In the first embodiment, the insulating frames 19 and 19 are provided outwardly of the rotating terminal 16, and are disposed at those regions where the pair of fixed terminals 17 and 18 are not disposed. These insulating frames 19 have the respective contact surfaces 19a, and these contact surfaces 19a and the contact surfaces 31a of the contact block portions 31 of the two fixed terminals 17 and 18 are disposed on a common circle, so that the contact surfaces 31a of the contact block portions 31 of the two fixed terminals 17 and 18 and the contact surfaces 19a of the insulating frames 19 jointly form the substantially perfect circumferential surface. Therefore, regardless of the rotating position of the rotating terminal 16, the contact springs 27 of the rotating terminal 16 can slide on the contact surfaces 31a and 19a which are spaced an equal distance from the outer peripheral surface of the rotating terminal 16, and therefore the rotating resistance of the rotating terminal 16 is kept constant regardless of the rotating position of the rotating terminal 16, and besides the amount of resilient deformation of the contact springs 27 hardly varies regardless of the rotating position of the rotating terminal 16. Therefore, the contact-opening and closing speed is stabilized, and besides wear of the contact springs 27 is reduced. Namely, if the insulating frames 19 are not provided, the contact springs 27 of the rotating terminal 16 slide in a resiliently-deformed condition on the contact surfaces 31a of the contact block portions 31 of the two fixed terminals 17 and 18 at those sections where the contact springs 27 pass the contact surfaces 31a, but the contact springs 27 merely rotate without resilient deformation and sliding movement at those sections where the contact springs 27 do not pass the contact surfaces 31a of the contact block portions 31 of the two fixed terminals 17 and 18. Therefore, the rotating resistance of the rotating terminal 16 varies in accordance with the rotating position, and the contact-closing and opening speed is not stable, and besides wear of the contact springs 27 increases. These disadvantages are eliminated by providing the construction of the above embodiment.

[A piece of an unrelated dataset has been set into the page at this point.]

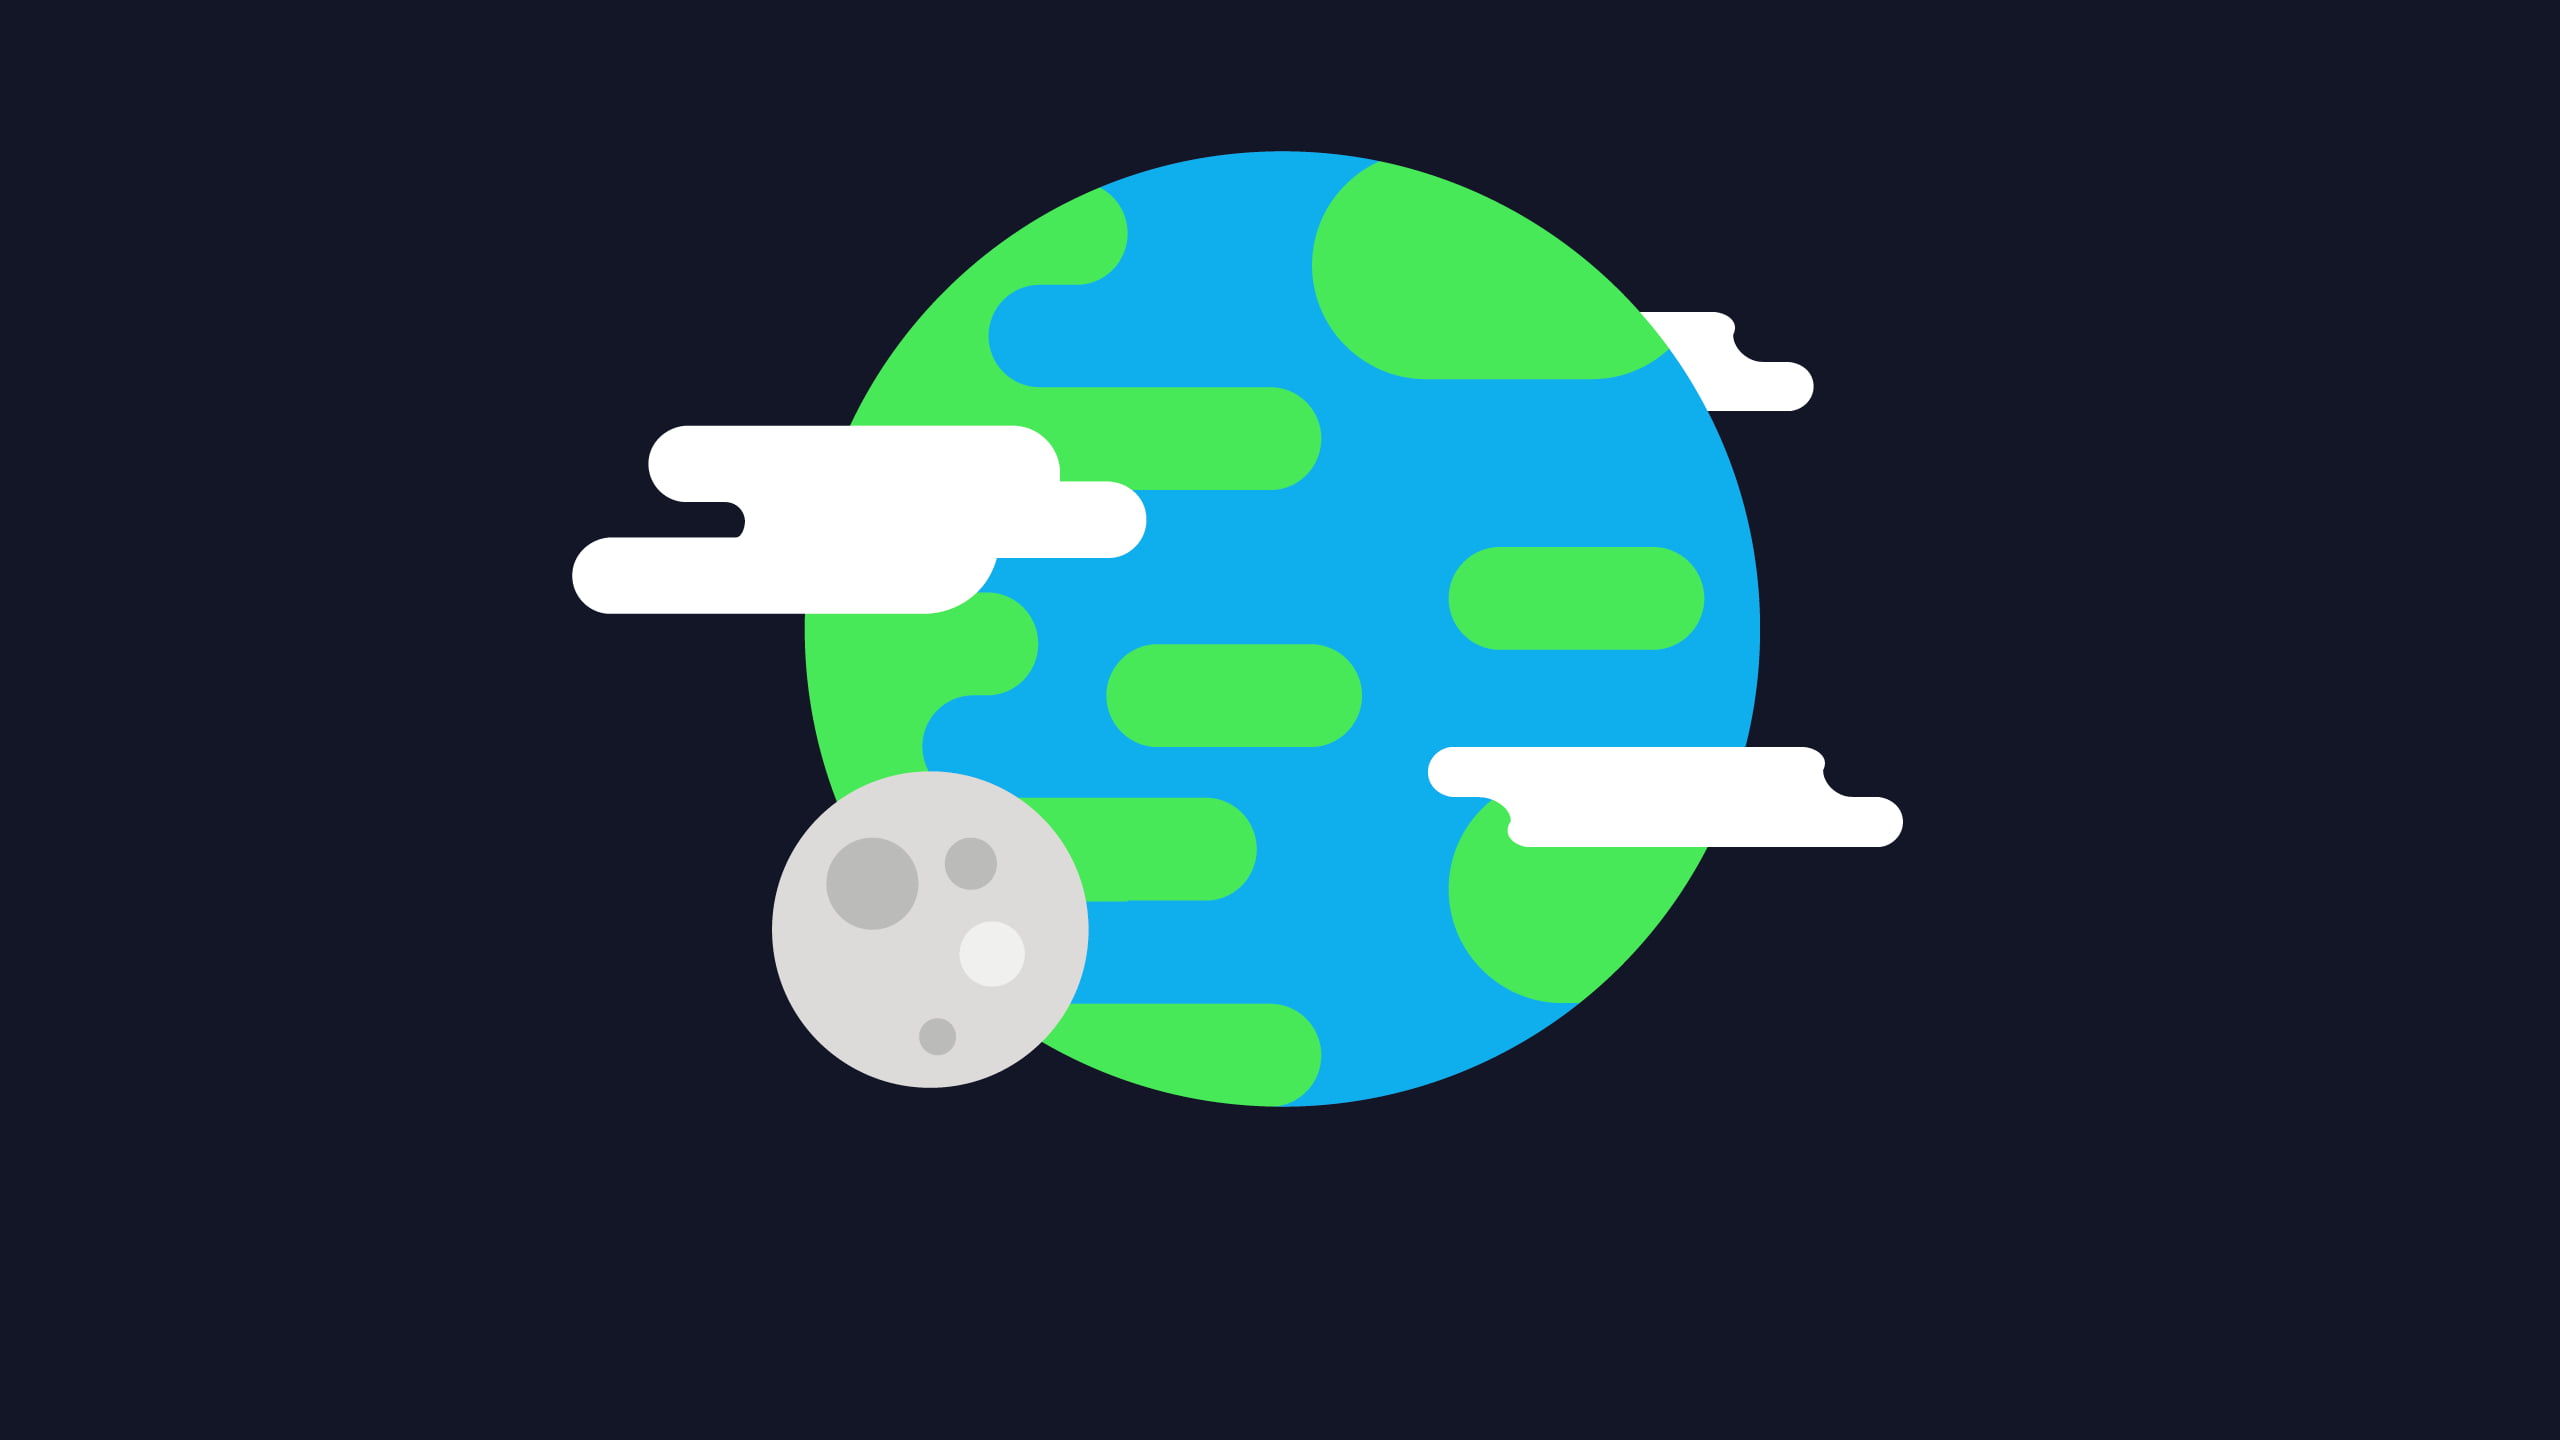 blue and green earth illustration, minimalism, Earth, space, Moon

In the first embodiment, the electrically-conductive areas of the rotating terminal 16 are formed by the outer peripheral surfaces 21a of the electrically-conducting member 21, and the non-electrically-conductive areas of the rotating terminal 16 are formed by the outer peripheral surfaces 24a of the insulating isolation portions 24. Therefore, when the rotating terminal 16 is disposed in the interrupting position, the shortest distance of the conductingpathbetween the rotating terminal 16 and each of the two fixed terminals 17 and 18 is the creeping distance along the creeping surface of each insulating isolation portion 24, and therefore is long, so that the insulating properties are enhanced. Namely, if the insulating isolation portions 24 are not provided, the shortest distance of the conducting path between the rotating terminal 16 (disposed in the interrupting position) and each of the two fixed terminals 17 and 18 is the distance of the space therebetween, and therefore is short. However, by providing the insulating isolation portions 24 as in the above embodiment, the shortest distance of the conducting path can be increased, thereby enhancing the insulating properties.

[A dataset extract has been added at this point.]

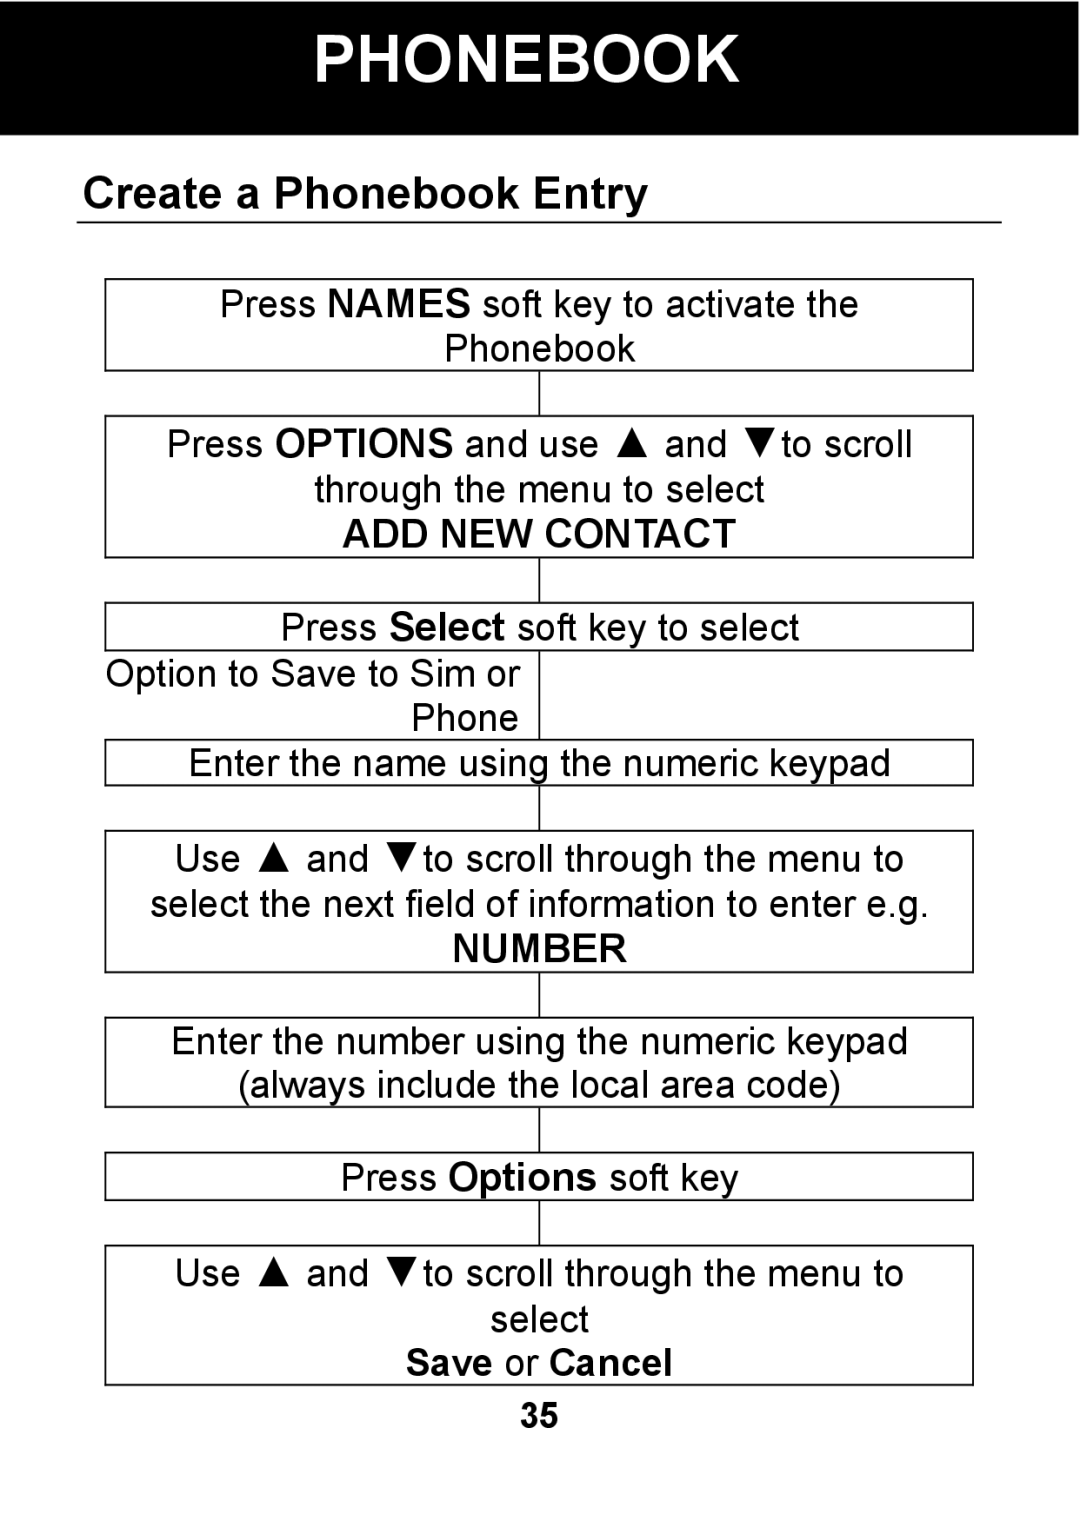 Pal/Pax PAL101 manual Create a Phonebook Entry, ADD NEW Contact, Number, Save or Cancel

In the first embodiment, each of the contact springs 27 is inclined in such a manner that its free end is disposed downstream of its fixed end in the direction of rotation of the rotating terminal 16, and therefore during the rotation of the rotating terminal 16, the free ends of the contact springs 27 slide on the contact surface 31a of the fixed frame 17, 18 and the contact surface 19a of the resin frame 19 without impinging on these contact surfaces, and therefore the rotating terminal 16 is smoothly rotated.
In the first embodiment, the rotating terminal 16 is rotated by the driving force of the motor 4, and therefore the apparatus can be switched between the electrically-conducting condition and the interrupting condition, and therefore the electrical conduction and the interruption can be automatically effected according to the need. And besides, the conventional apparatus can not be switched between the conducting condition and the interrupting condition unless the motor is rotated in the opposite directions (that is, normal and reverse directions) . In the present invention, however, the apparatus can be switched between the conducting condition and the interrupting condition by rotating the motor 4 in only one direction. Therefore, the frictional resistance between the terminals becomes more stable as compared with the conventional apparatus, and therefore there are achieved advantages that the operating force and speed of the rotating terminal 16 are stabilized, that the burden on the motor 4 and the gear grain is reduced so that the positive operation can be ensured, and that the retardation of the operation due to backlash between the gears is eliminated.
In the first embodiment, the current sensor 36 for detecting the current level of the power supply line (which can be switched between the ON-state and the OFF-state by the rotating terminal 16) is contained in the apparatus, and therefore when an abnormal current, such as a rush current and a dark current, flows through the power supply line, this can be detected. In such a case, the power supply is interrupted, and by doing so, the power interrupting apparatus 1 can have the function of a fuse, and besides the abnormal current can be suitably dealt with, that is, the circuit can be protected.
In the first embodiment, there is provided the controller 34 for controlling the driving of the motor 4, and therefore there can be positively and easily built an automatic system which, for example, prevents the battery from dying, protects the circuit, and interrupts the power supply line through the monitoring of an abnormal current. And besides, the power interruption and so on can be automatically effected by an instruction of the user at the time of the maintenance, transport and long-term storage.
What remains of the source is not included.